Myth 7: Can IBD patients exercise?
Yes. Moderate exercise can improve bowel movements and relieve anxiety. It is recommended to choose low-intensity exercises (such as walking and yoga) and avoid high-intensity training that places pressure on the abdomen. Studies have shown that appropriate exercise can reduce fatigue and improve quality of life in IBD patients. Myth 8: Can IBD only be controlled with Western medicine?
Currently, Western medicine remains the core treatment for IBD. Non-drug approaches such as Traditional Chinese Medicine, acupuncture, enteral and parenteral nutrition support, and psychological intervention can also be used to develop personalized treatment plans to achieve long-term control of the disease. Remember: there is no “one answer” to treating IBD; the best treatment is the one that suits you!
Myth 9: Is IBD “incurable”?
Although IBD cannot be cured, it has evolved from a “disabling disease” to a “manageable chronic disease” and is not a “terminal illness.” For example, with standard treatment, ulcerative colitis can achieve a clinical remission rate exceeding 80%, allowing patients to resume normal work and life. The five-year survival rate for IBD patients is comparable to that of the general population.
Myth 10: Can IBD be conquered in the future?

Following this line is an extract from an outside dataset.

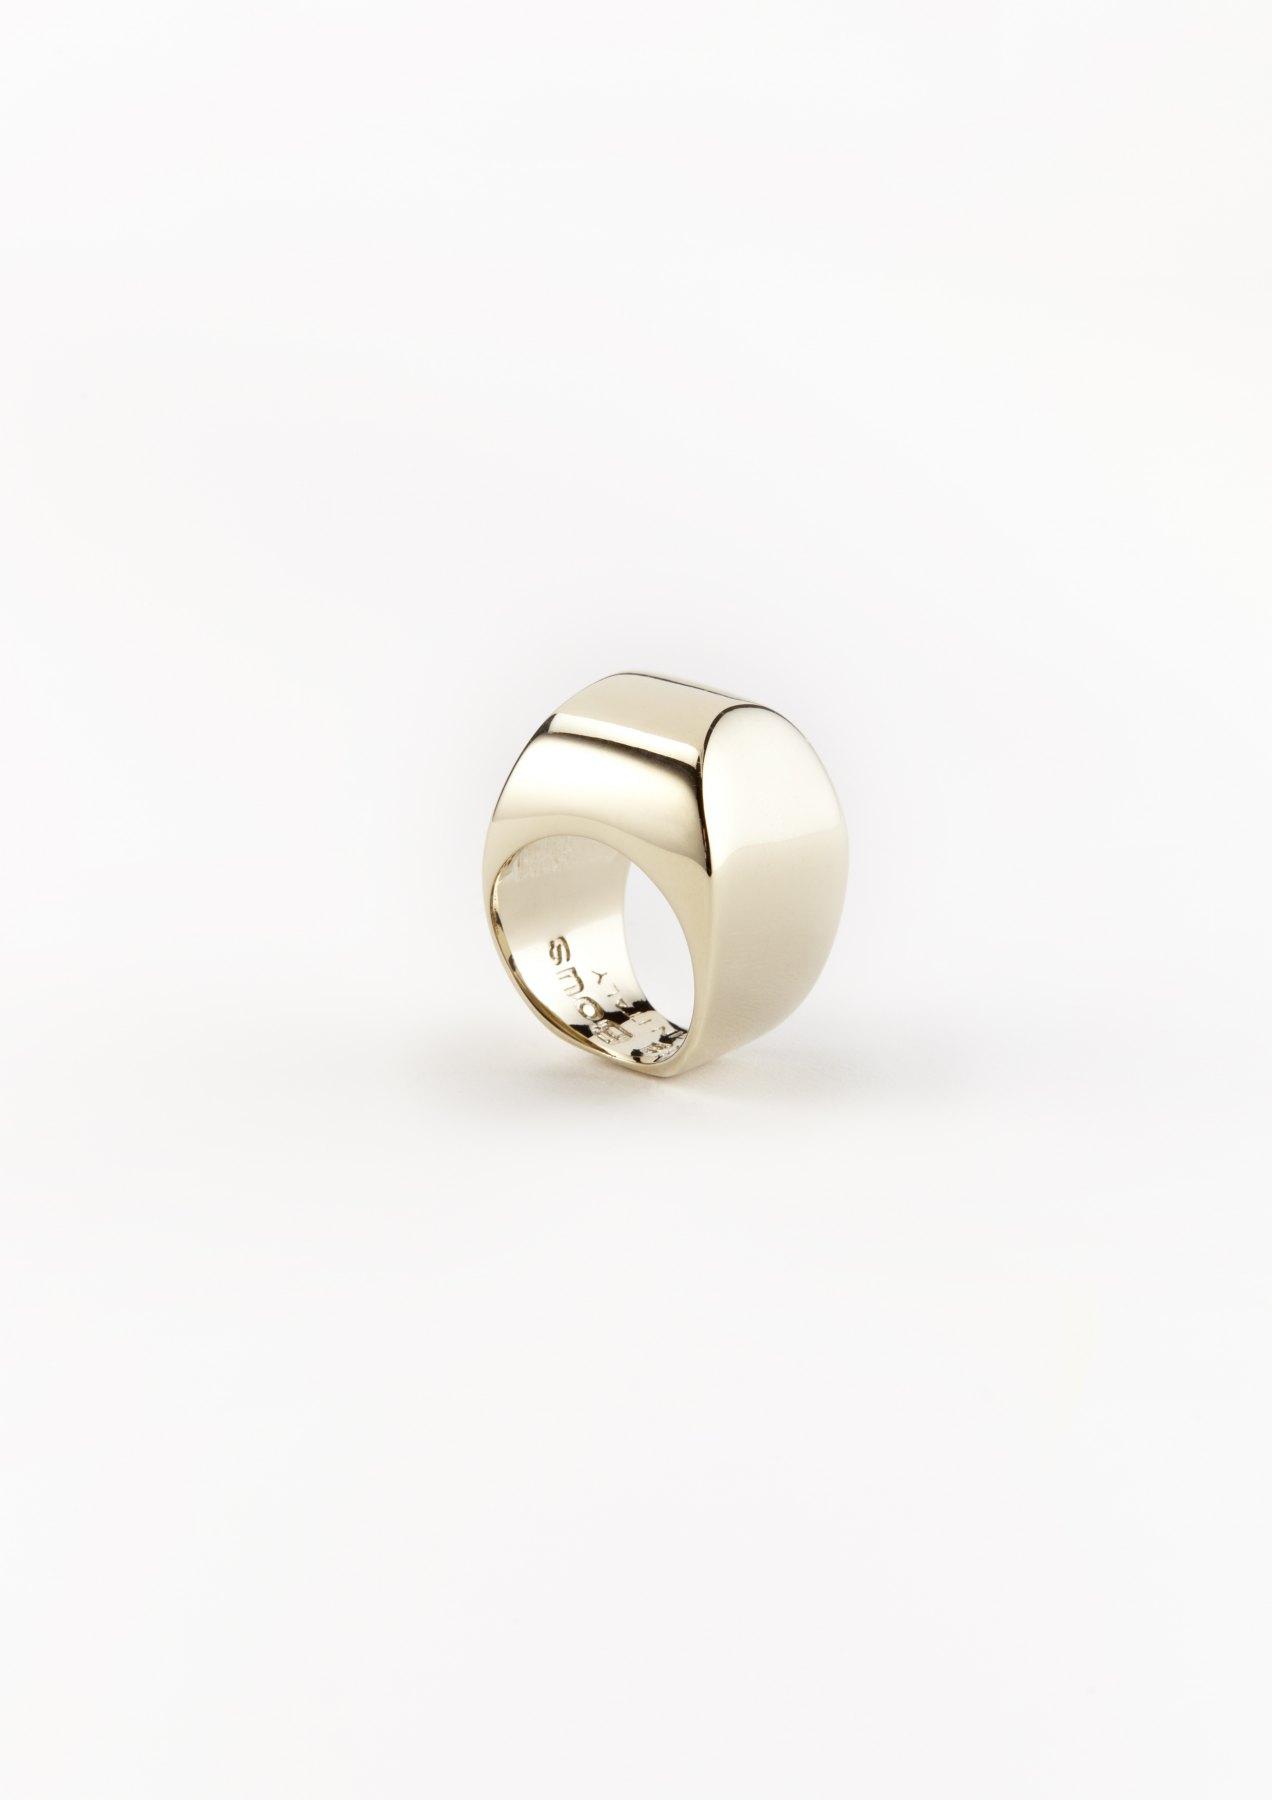 xenia bous schmuck Golden Stone 28 Ring gold silber

Currently, global IBD research is rapidly advancing. From fecal microbiota transplantation to reconstruct the intestinal microbiome, to CAR-T cell therapy to precisely eliminate pathogenic immune cells, to the deep integration of basic research (including immunology, microbiology, and genomics) and clinical research (including internal medicine, surgery, and nutrition), several innovative IBD drugs have entered clinical trials, opening up new treatment dimensions in many areas. The next decade may bring breakthrough therapies. We believe that through continuous research and exploration, we will find better ways to treat IBD.
From precise diagnosis to personalized treatment, to accelerated new drug development, we are moving closer to the goal of “coexisting peacefully with IBD.” Remember: early diagnosis and treatment, standardized management, and maintaining hope. We will ultimately win this “battle to protect the gut.”